During these years at Glarus he became entangled in that system of wars and pensions which was the glory and the shame of his fatherland. The Italian wars brought not only much wealth to Switzerland, but also an increase of territory. To keep the Swiss as allies Louis XII had (1503) surrendered Bellinzona to them; when Massimiliano Sforza was made Duke of Milan (1512) they received from him the Val Màggia, Locarno, and Lugano, while the Rhaetian League (the Grisons) gained the Valtelline. The Swiss Diets were besieged by agents of the Powers. A French party was to be found in every town, and a papalist anti-French party was created by Matthäus Schinner, Cardinal of Sion, in the service of Julius II. Zwingli's interest in politics was great; politics and patriotism* inspired his earliest German poems,—the Labyrinth, and the Fahle of the Ox and the Beasts; his position in Glarus made him a valuable ally for the papal party in a parish where the French were strong; it was therefore natural-although afterwards made a charge against him-that he should accept from the Pope a pension of 50 florins (1512 or 1513); and he was also (August 29, 1518) appointed acolyte chaplain. So far was he from being anti-papal that the Papacy was the one Power with which he held it right, even dutiful, to form alliances. Twice he seems to have gone to Italy as chaplain with the Glarus contingent; according to Bullinger he was present at Novara (June 6, 1513) and at Marignano (September 13-14, 1515); on the latter occasion his persuasion kept the Glarus men faithful to their service when others deserted to the French. Afterwards he indicates this as the period when he formed his well-known views upon the evils of mercenary service. The life of a mercenary-in camp or city- destroyed the simplicity endeared to Zwingli by the earlier Confederate history and classic models.

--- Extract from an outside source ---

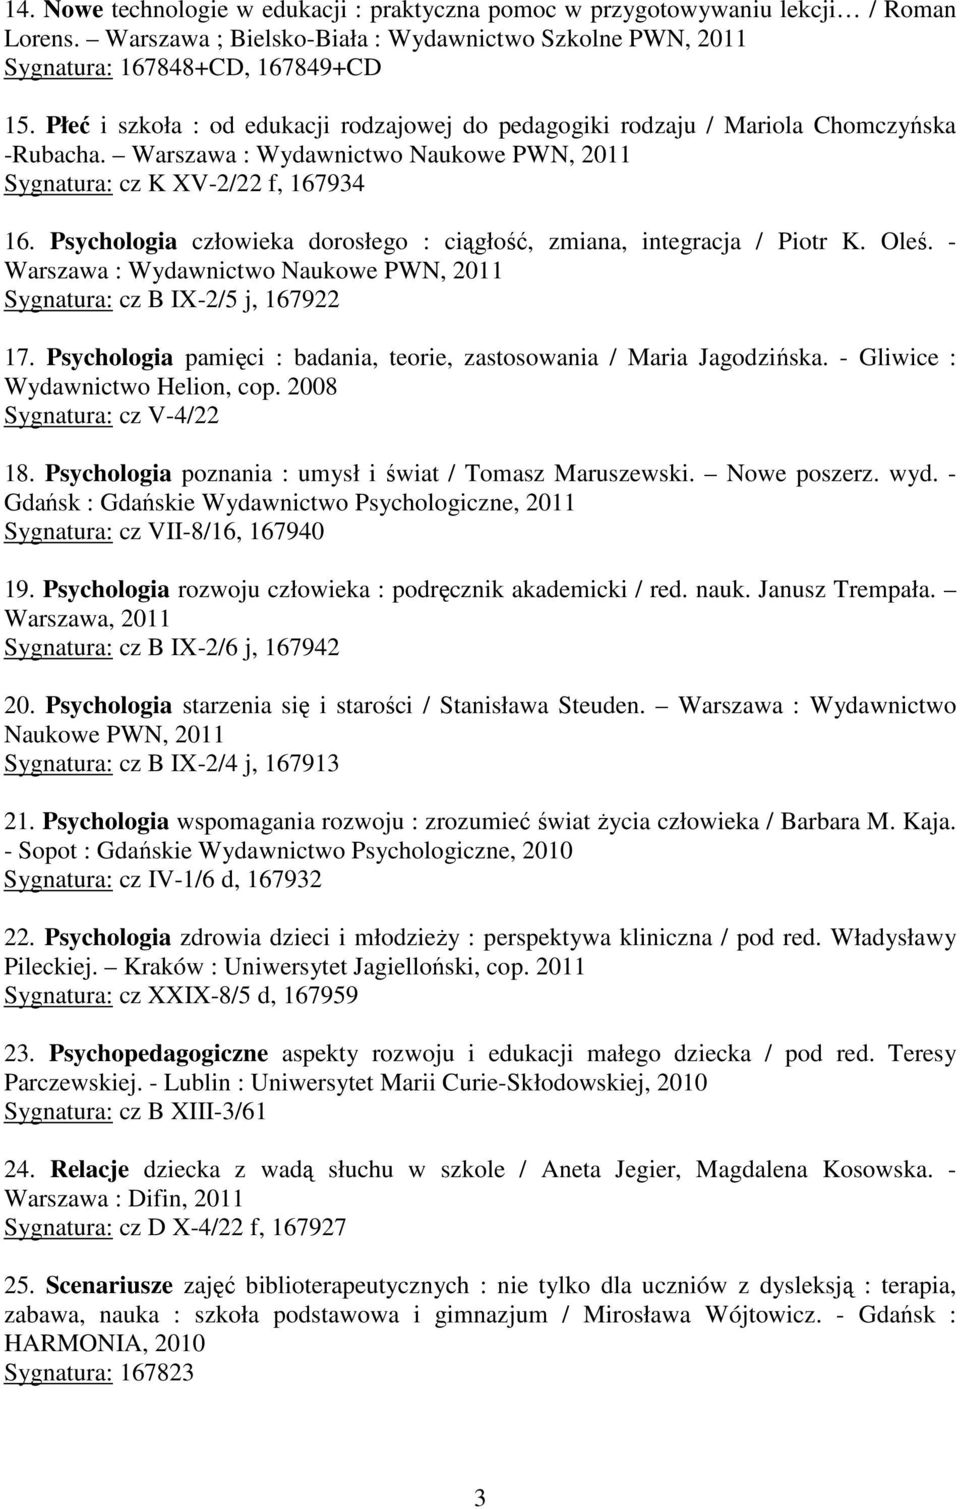 Psychologia człowieka dorosłego : ciągłość, zmiana, integracja / Piotr K. Oleś. - Warszawa : Wydawnictwo Naukowe PWN, 2011 Sygnatura: cz B IX-2/5 j, 167922 17.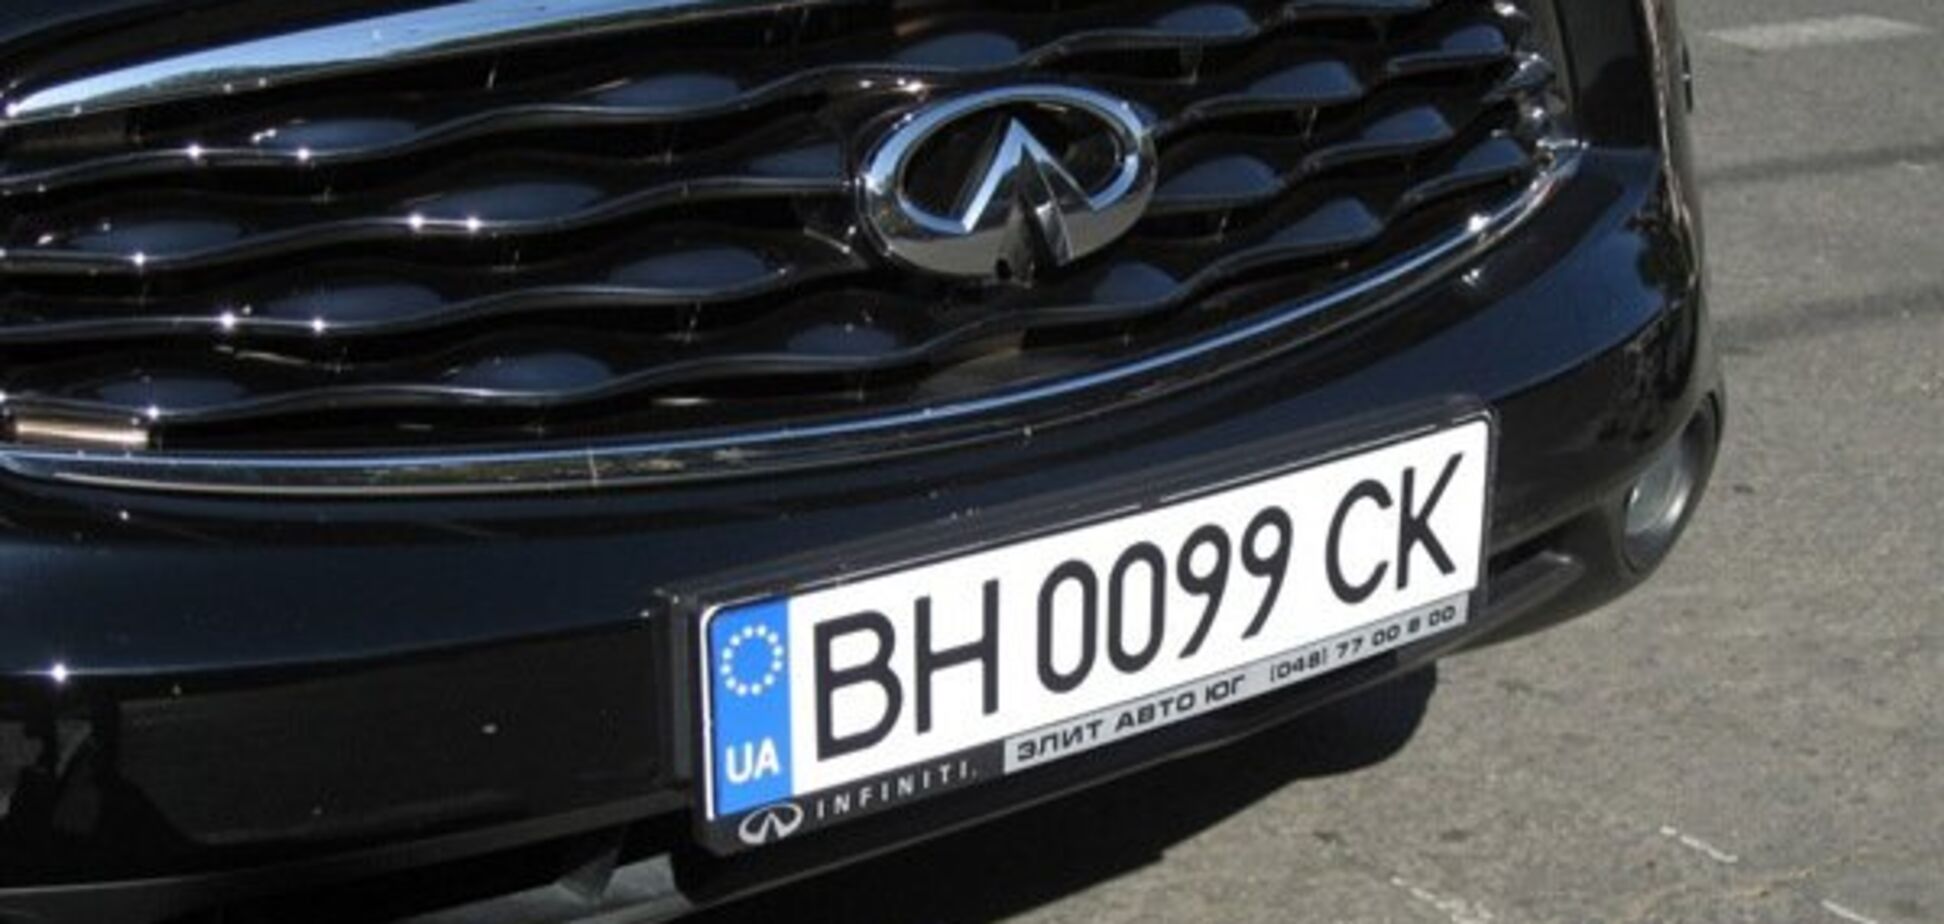 ''Преступление и шантаж'': Украину предупредили об опасности авто на еврономерах

In 1515 the papal alliance came to an end: the terrible experience of Marignano on the one hand, and the acquisition of territory on the other, had made the Confederates desirous of peace, and (November 29, 1516) a permanent peace was made with France. Zwingli's opposition to this change of policy made his position at Glarus untenable, and he became people's priest (or vicar) at Einsiedeln (April 14, 1516), placing a vicar at Glarus. Einsiedeln, owing to its renown as a place of pilgrimage, combined the quiet of a monastic House with the traffic of a place of passage. Here he carried further his classical studies and increased his reputation as a preacher; he carefully trained himself in oratory by a study of the best classic models.
The personalities of the three great leaders, Erasmus, Luther (to whom Zwingli considered he was prior in his teaching), and Zwingli, were very different. Luther, with his monastic training, cared little for Catholic organisation; but he had a fervid personal experience and a strong love for doctrine. Erasmus combined piety and theological learning with much freedom of speech, tempered by regard for authority and a historic sense. Zwingli had from the first no regard for authority-which indeed presented itself at times in a guise hard to respect; he belonged to a country peculiarly weak in its ecclesiastical organisation and abounding in clerical abuses. But he had a deep regard for learning and a love of freedom, personal and intellectual. He had no vivid perceptions of dogma recording the struggles of the soul. But he learnt from his varied parochial experience to realise keenly the relations between a pastor and his people. He had no deep ^ philosophic basis for his opinions, and he was no framer of theories; he needed the touch of actual life to bring his powers to work, and he needed a field that suited him before he could form a definite policy. So far he was a keen Swiss patriot, with that love of the past that had formed the legend of Tell, a humanist, and a Reformer of the type of Erasmus, if indeed he was a Reformer at all.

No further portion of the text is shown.